1月第二の主日を迎えました。今朝も主の招きにあずかり、ともに御前に進み出て主を礼拝し、みことばの養いにあずかることのできる恵みに感謝します。主がその名前を呼んで御前に呼び集めてくださった愛するおひとりひとりの上に主の豊かな祝福がありますように祈ります。
1.創造の神、交わりの神
『私たちの信仰』の6回目、前回から「聖書」、「神」に続いて「人とは何ものか」という主題に入り、今回は人間の罪の問題を扱います。神さまに続いて人間について扱う。なぜこの順序なのでしょうか。前回、宗教改革者カルヴァンの言葉を紹介しました。人がどうしても知らなければならない二つの知識がある。一つが神を知ること、いま一つが己を知ることだ、というものでした。私たちが自分自身を知るには、ただ自分の外側を眺めればよいというものではない。また自分の内側をのぞき込めばよいというものでもない。私たちを造り、生かし、愛してくださっているまことの神さまを知ることなしに、私たちは自分自身をも正しく知ることはできない。だから神について知り、そして己について、人間について知るという順序が大切なのです。
では神さまを知ることによって見えてくる私たち人間の姿とはどのようなものだったか。これも前回のおさらいですが、先ず第一に、神さまは私たちを特別な思いと計らいをもって創造してくださり、しかも私たちを神さまのかたちにお造りくださったという点で、そこに人間というものを尊厳ある存在としてくださったということです。次いで第二に、こうして尊厳ある存在として造られた人間は、しかしまた大地のちりから形造られたゆえに、そこに人間の脆さ、弱さがあるということです。この人間の限界を知り、自分の限度をわきまえること。これもまた神を知ることなしには分からないことでした。神を神として知り、認め、礼拝するときに、私たちは己を知り、わきまえ、ぬかずく者となる。神を神とするときに、人は人として生きる者となるのです。
2.罪人としての人間
ところがこの人間として分を越え出たところから人間の罪が始まってしまった。これが前回に続いて今日学ぶ人間の姿、しかも罪のゆえに悲惨な存在となってしまった人間の姿です。そしてここに大事な聖書の人間理解、人間観があるのです。ローマ書7章18節から20節。「私は、自分のうちに、すなわち、自分の肉のうちに善が住んでいないことを知っています。私には良いことをしたいという願いがいつもあるのに、実行できないからです。私は、したいと願う善を行わないで、したくない悪を行っています。私が自分でしたくないことをしているなら、それを行っているのは、もはや私ではなくて、私のうちに住んでいる罪です」。そして24節。「私は本当にみじめな人間です。だれが、この死のからだから、私を救い出してくれるのでしょうか」。

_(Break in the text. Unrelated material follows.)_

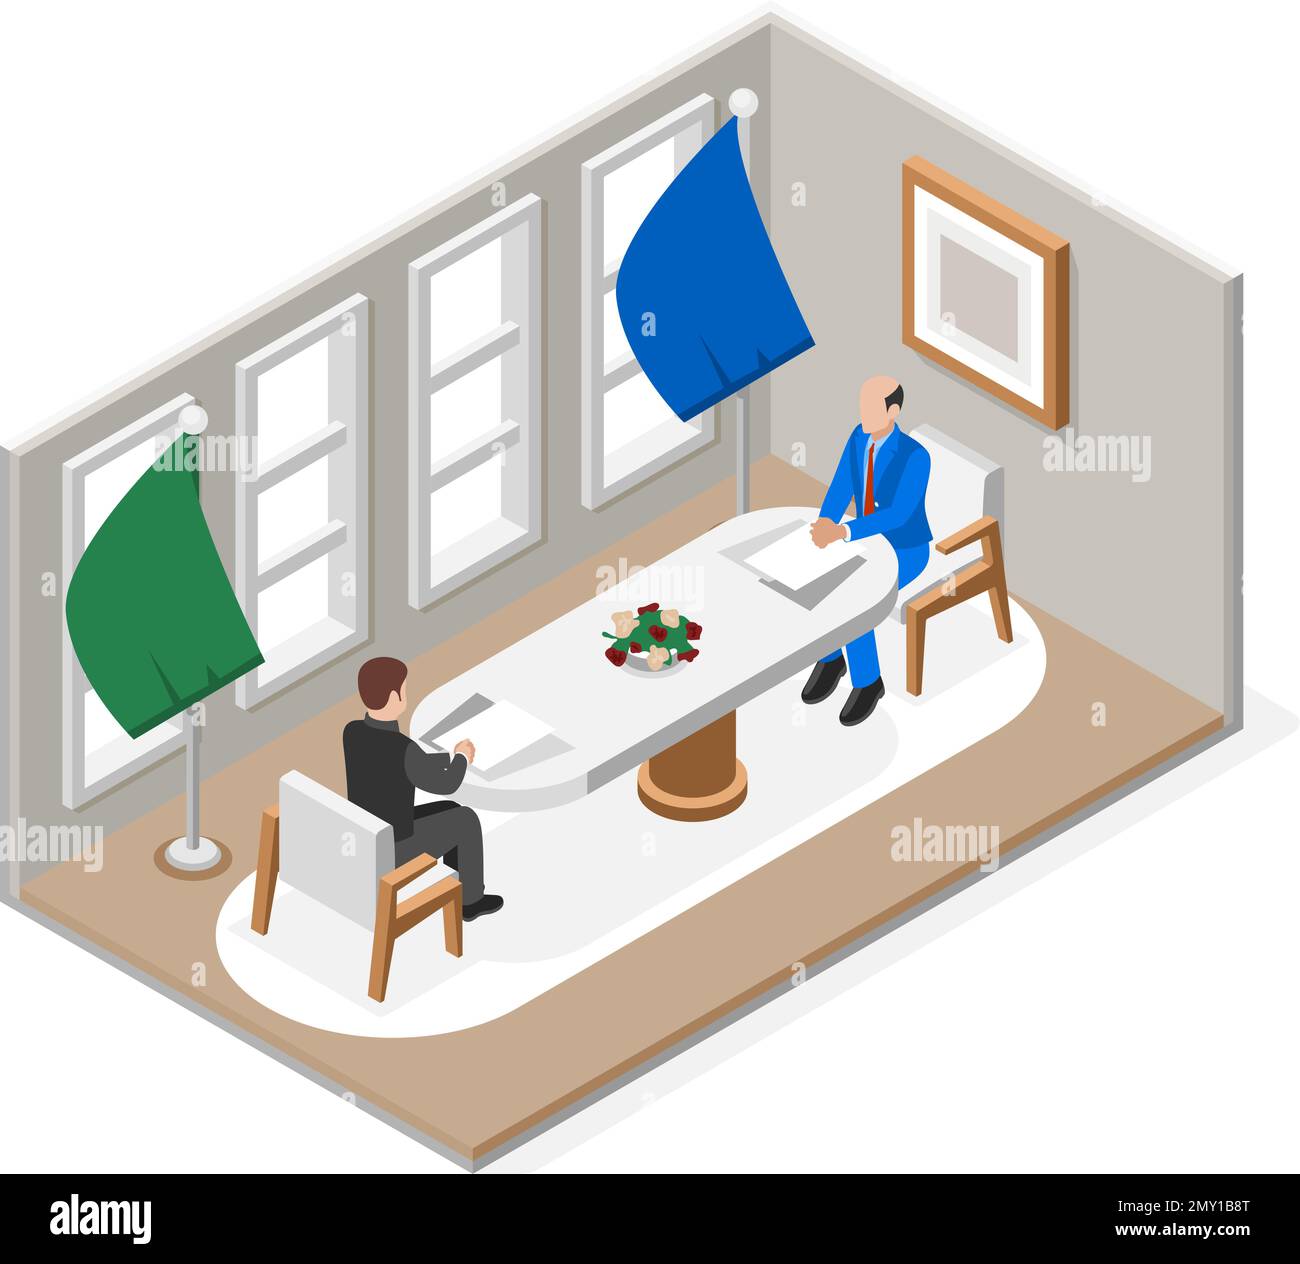 Diplomacy and diplomat isometric composition two high ranking officials sitting across the table from each other vector illustration Stock Vector
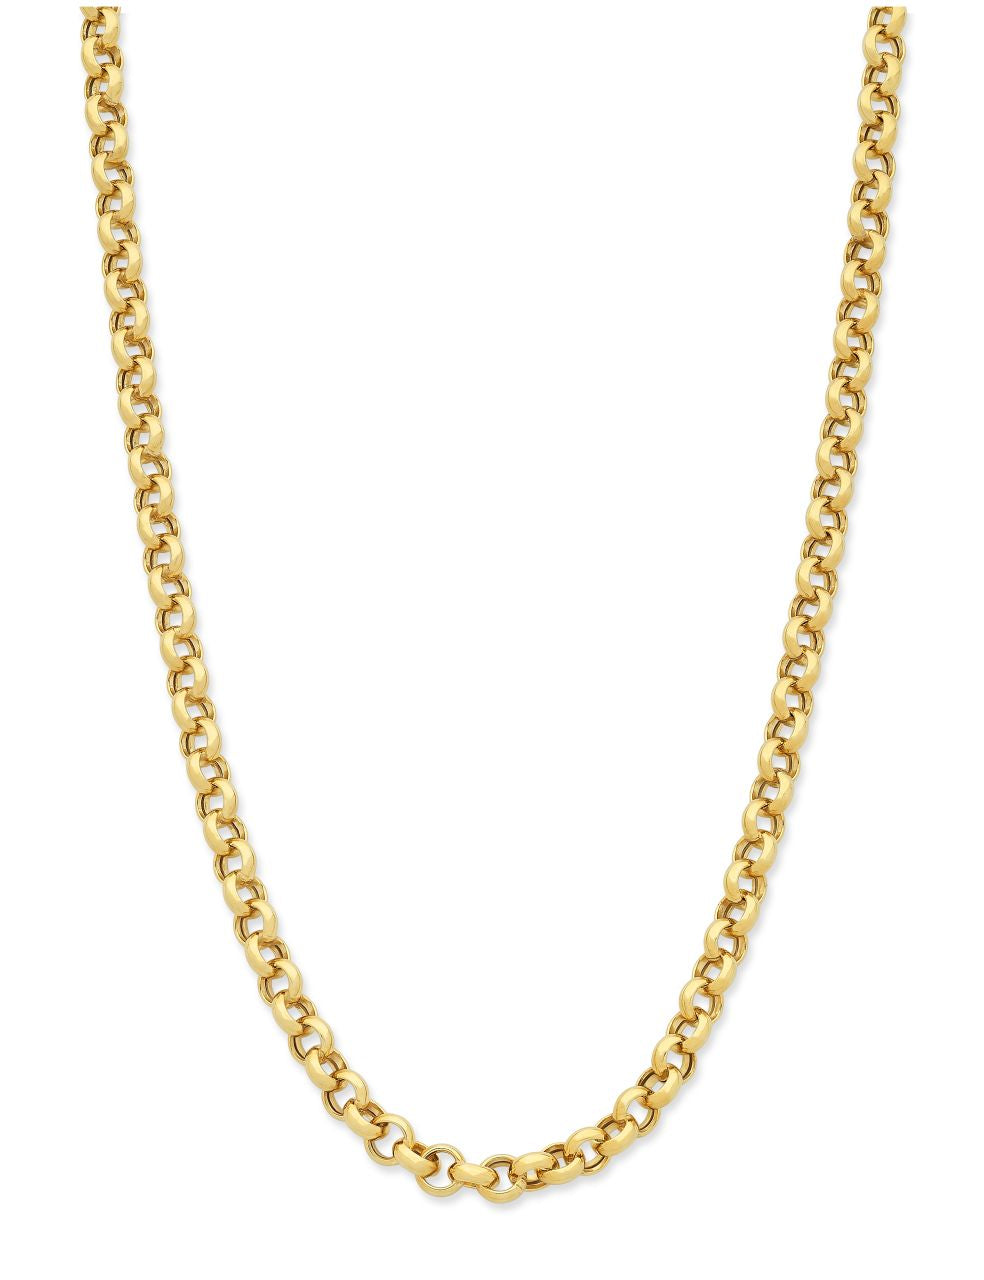 9ct Yellow Gold Silver Filled Chain

この魂の悲痛な叫び。これもまた聖書の語る人間の姿です。確かに聖書は人間が神ご自身のかたちに創造された特別な存在、尊い存在であると教える。これはどこまでも貫かれなければならない極めて重要な人間理解です。しかしそれだけではありません。手放しで「人間はすばらしい。人間は特別だ」とは言わない。それと同じぐらい重要なこととして「人間は罪人である。だれ一人例外なく、人はみな生まれながらにして罪人である」と語る。これもまた極めて重要な人間理解なのです。そしてこの点で聖書は人間というものに対する深い洞察に満ちた書物です。しかもそのような人間理解、人間洞察の深さはどこから来るかと言えば、人間の傲慢さ、自己中心さ、欲深さ、ずるさ、狡猾さといった人間の罪深さを覆い隠すことなく、むしろ赤裸々に描き出すところにあると言えるでしょう。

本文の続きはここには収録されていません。